Uzbekistan–Vietnam relations are bilateral relations between Vietnam and Uzbekistan. The countries enjoy long relations, on their partly intertwined histories. Uzbekistan has an honorary consulate in Hanoi, while Vietnam is accredited to Uzbekistan through its embassy in Moscow.

==History==
===First contact===

Their relations were first developed during the 13th century, when the Mongol Empire launched three invasions on Đại Việt of the Trần dynasty. The Chagatai Khanate, which consisted of the Karluks that would ultimately birth the modern Uzbeks and Uyghurs and were already Sunni Muslims by this point, also provided several personnel to take part in the invasions, notably being Nasr al-Din and his son Omar (both traced origins from Bukhara, modern-day Uzbekistan), alongside the Uyghur Ariq Qaya; however, none of these invasions succeeded for the Mongols, with many Karluk soldiers of the Mongol realm killed or lost in the wilderness, and a fourth was abandoned following Kublai Khan's death. It was the only connection between the Karluk Turks that became Uzbeks and Uyghurs, and the Vietnamese, for a long time.

===Soviet era===
During this time, North Vietnam was under a Soviet-aligned communist regime, while Uzbekistan was under the Soviet rule as Uzbek SSR. North Vietnam's leader Ho Chi Minh paid a personal visit to the Soviet Union in 1959, during which he toured the Uzbek SSR; Uzbek personnel also made up a significant portion of Soviet advisors working in Vietnam during the Vietnam War.

==Modern relations==
Uzbekistan and Vietnam established diplomatic ties on 17 January 1992. Vietnam has been one of Uzbekistan's most steadfast partners in Southeast Asia; in turn, Uzbekistan also holds an important role for Vietnam's attempts to accelerate trades in Central Asia as Uzbekistan locates at the very heart of it; both nations have signed multiple bilateral agreements since Uzbekistan's independence and Vietnam's economic reforms. In 2024, two-way trade hit US$202 million, surging by 26.5% compared to 2023.

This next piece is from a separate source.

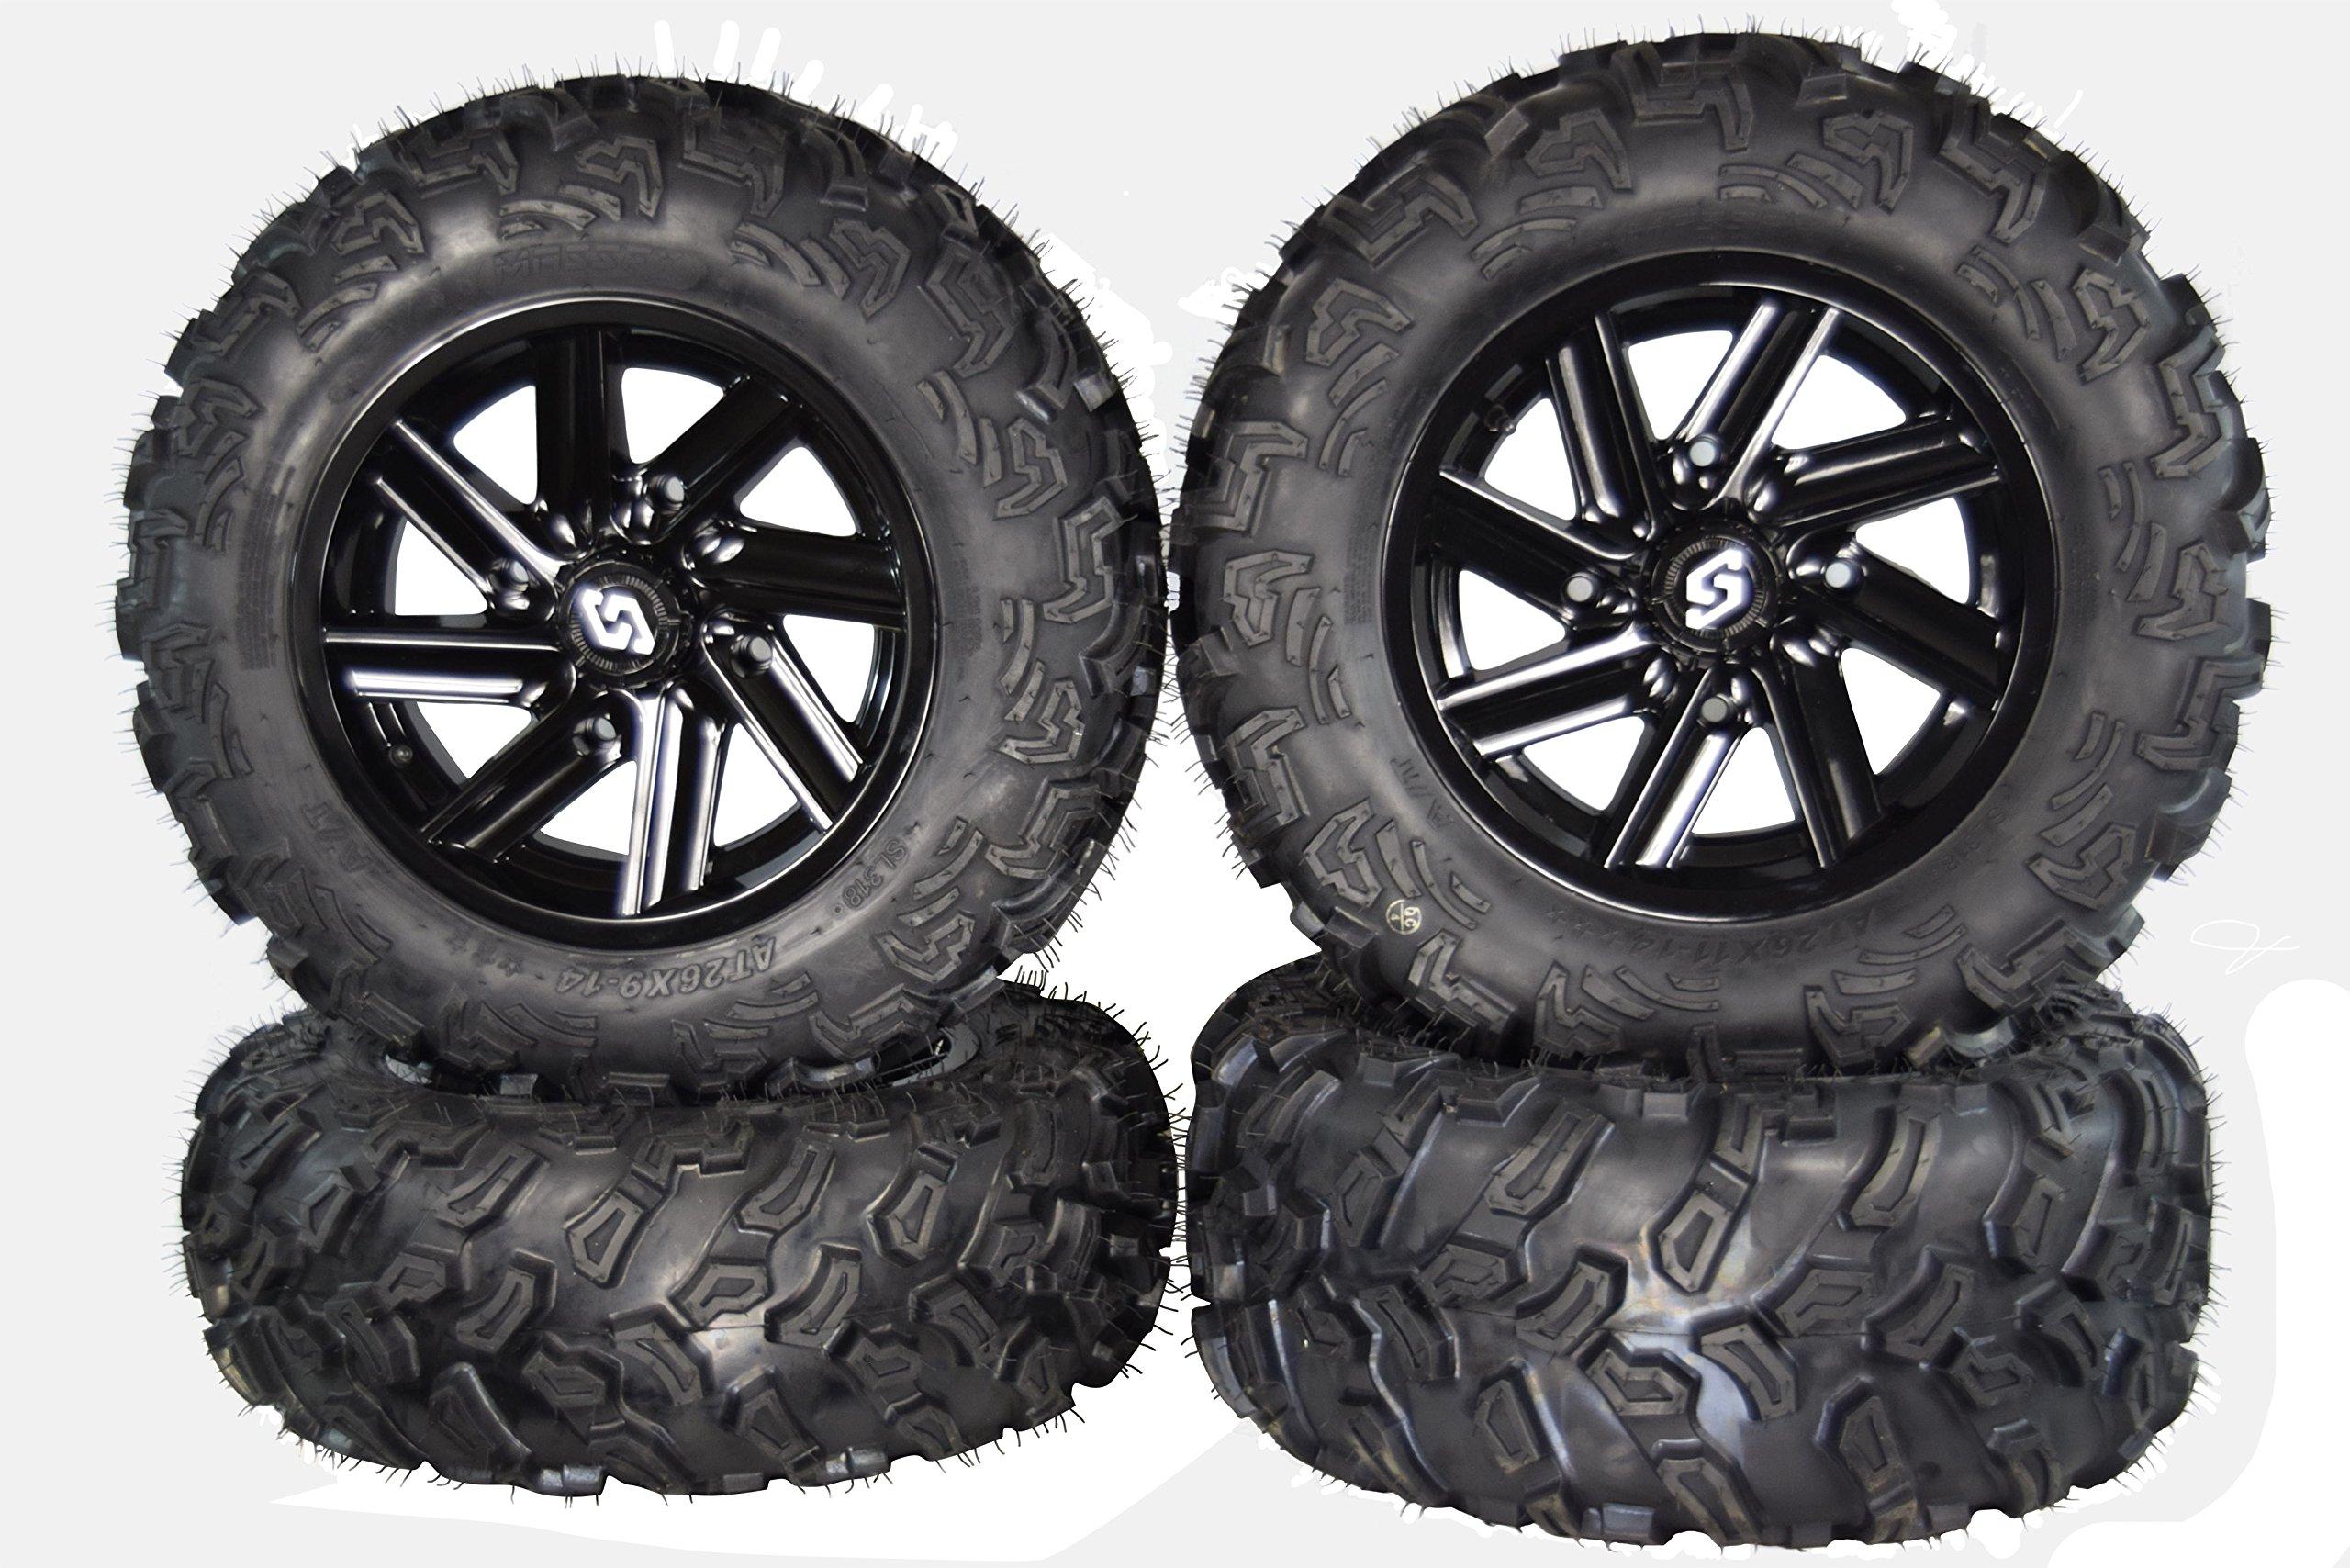 MASSFX SL 26'' Tall Wheel and Tire Kit for Polaris Sportsman W/ Sedona Chopper Rim
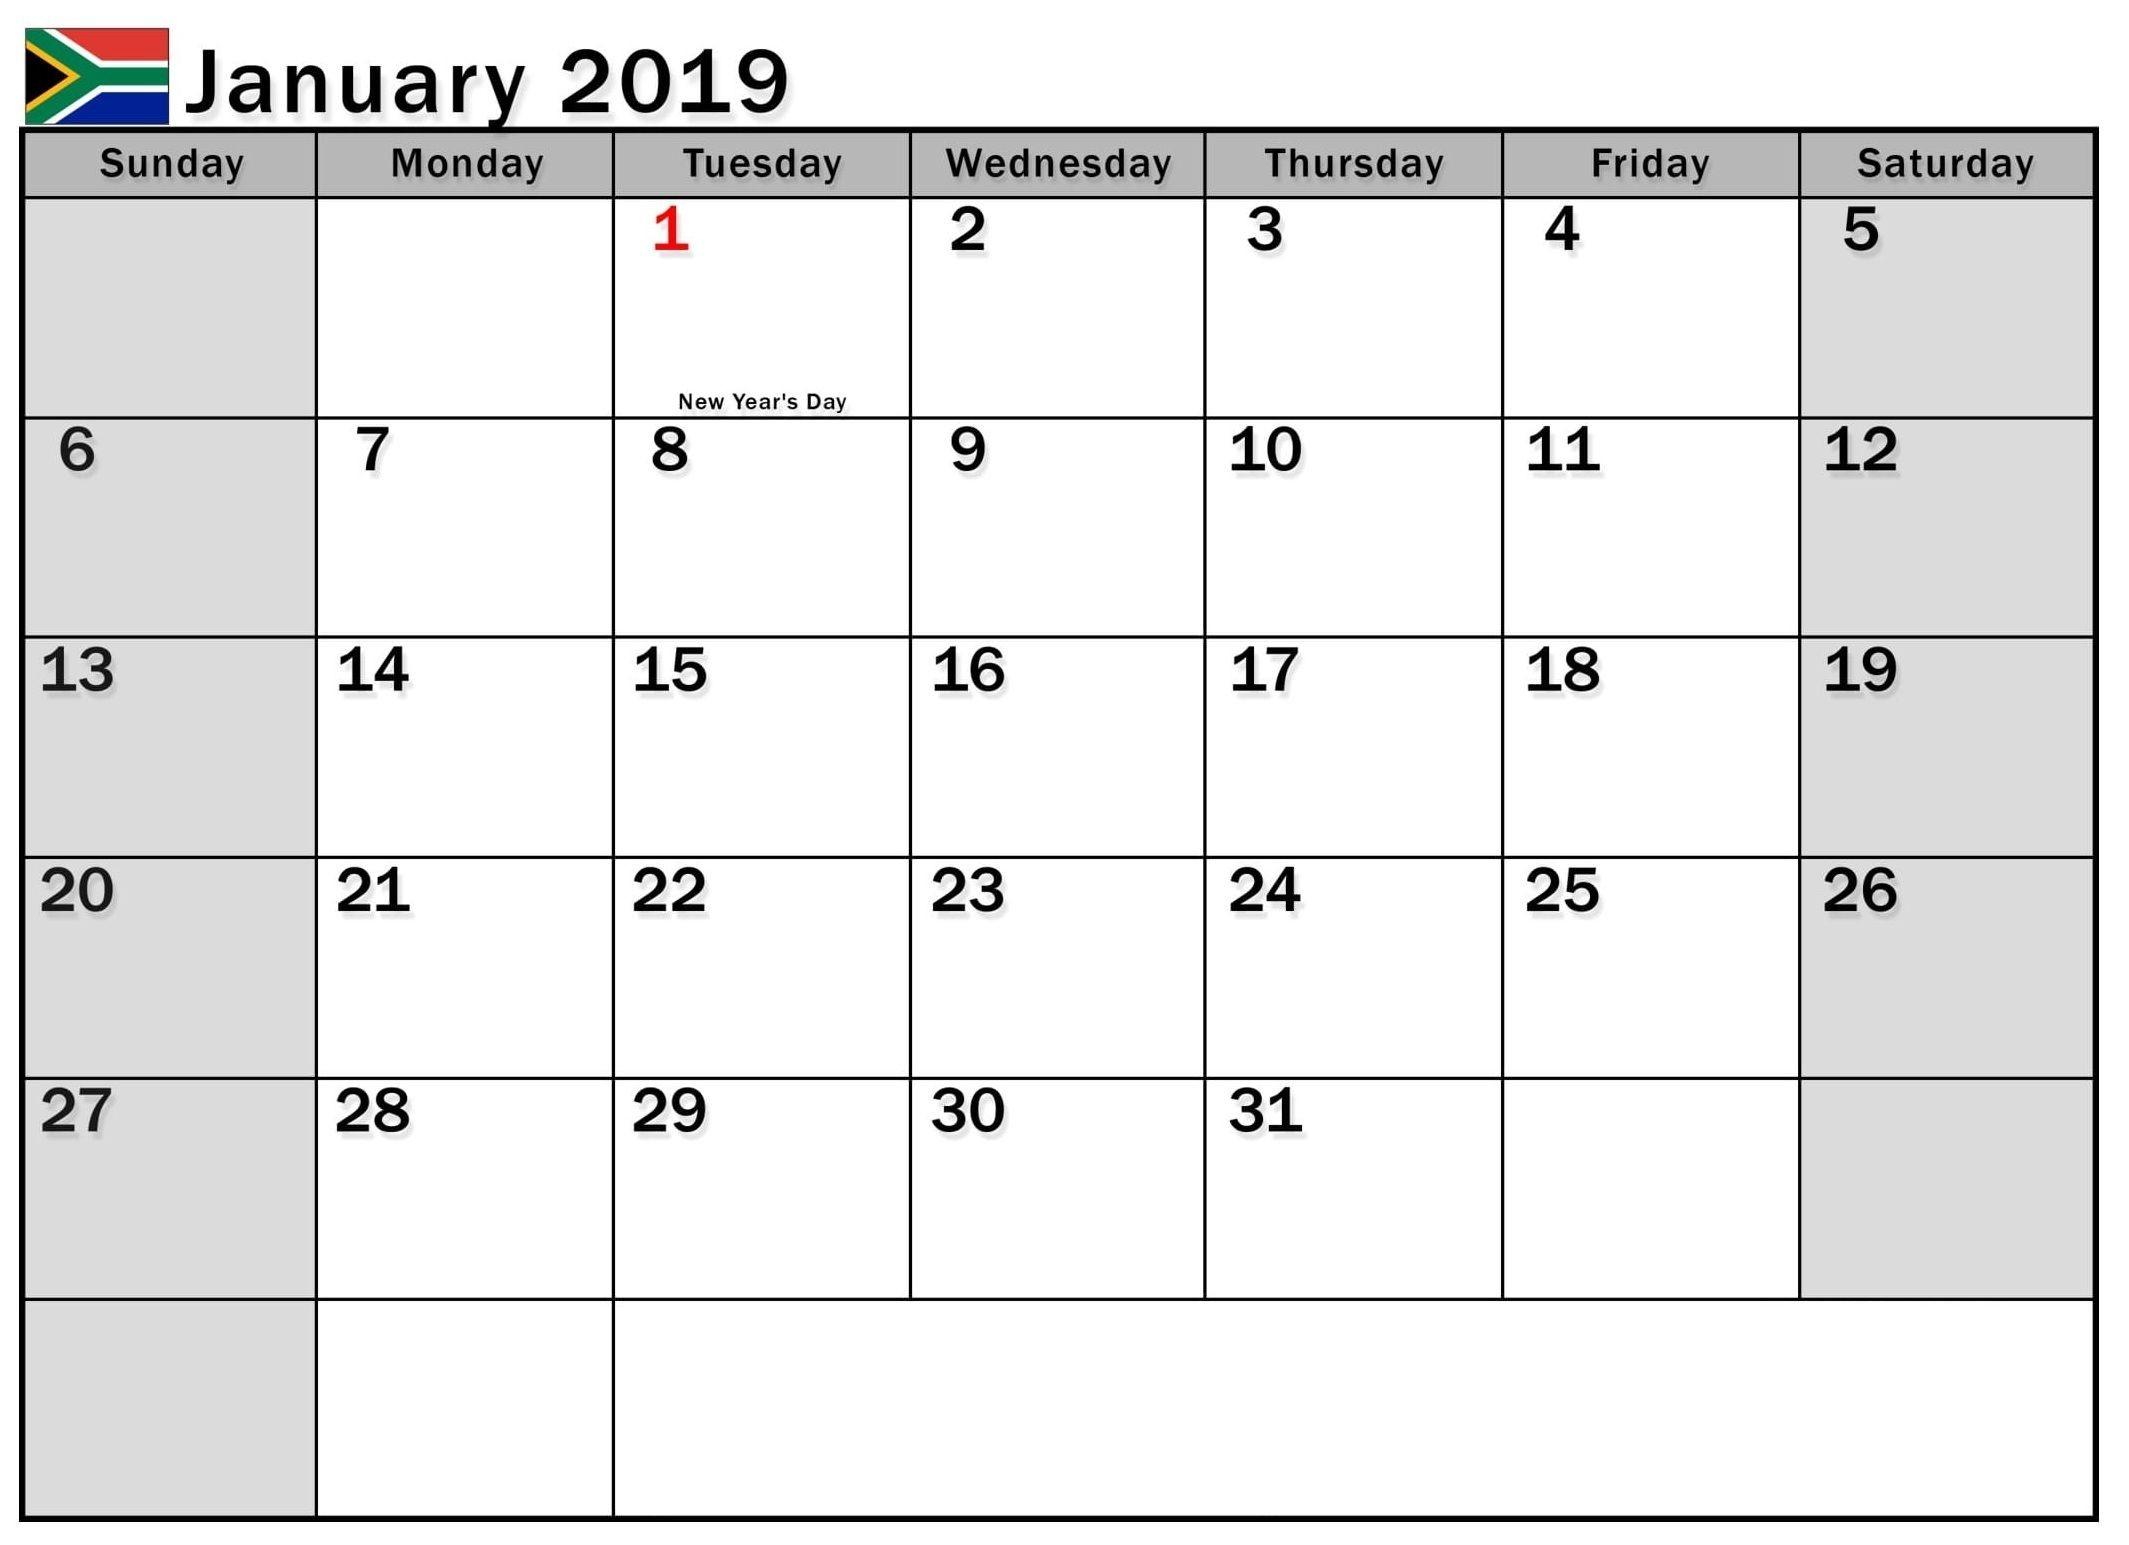 January 2019 Calendar With Holidays South Africa-January 2020 Calendar With Holidays South Africa

In 2025, the two nations had highlighted the importance of their relations during the visit of Vietnamese legislators to Uzbekistan due to their central position in Southeast Asia and Central Asia, respectively.

===Tourism===
Nha Trang and Cam Ranh have been a notable destination for many Uzbek tourists, whose community traced further to the time the Soviet and Russian Armed Forces stationed their troops there; the Uzbek community did not vanish after the Dissolution of the Soviet Union or Russian evacuation in 2002, and has recently experienced growth due to newer arrivals from Uzbek tourists; their arrival also played a role in introducing Hanafi school of Sunni Islam to the country, long dominated by the Chams of Shafi'i school.

Since 2024, Uzbekistan Airways has opened a direct flight between Tashkent to Nha Trang.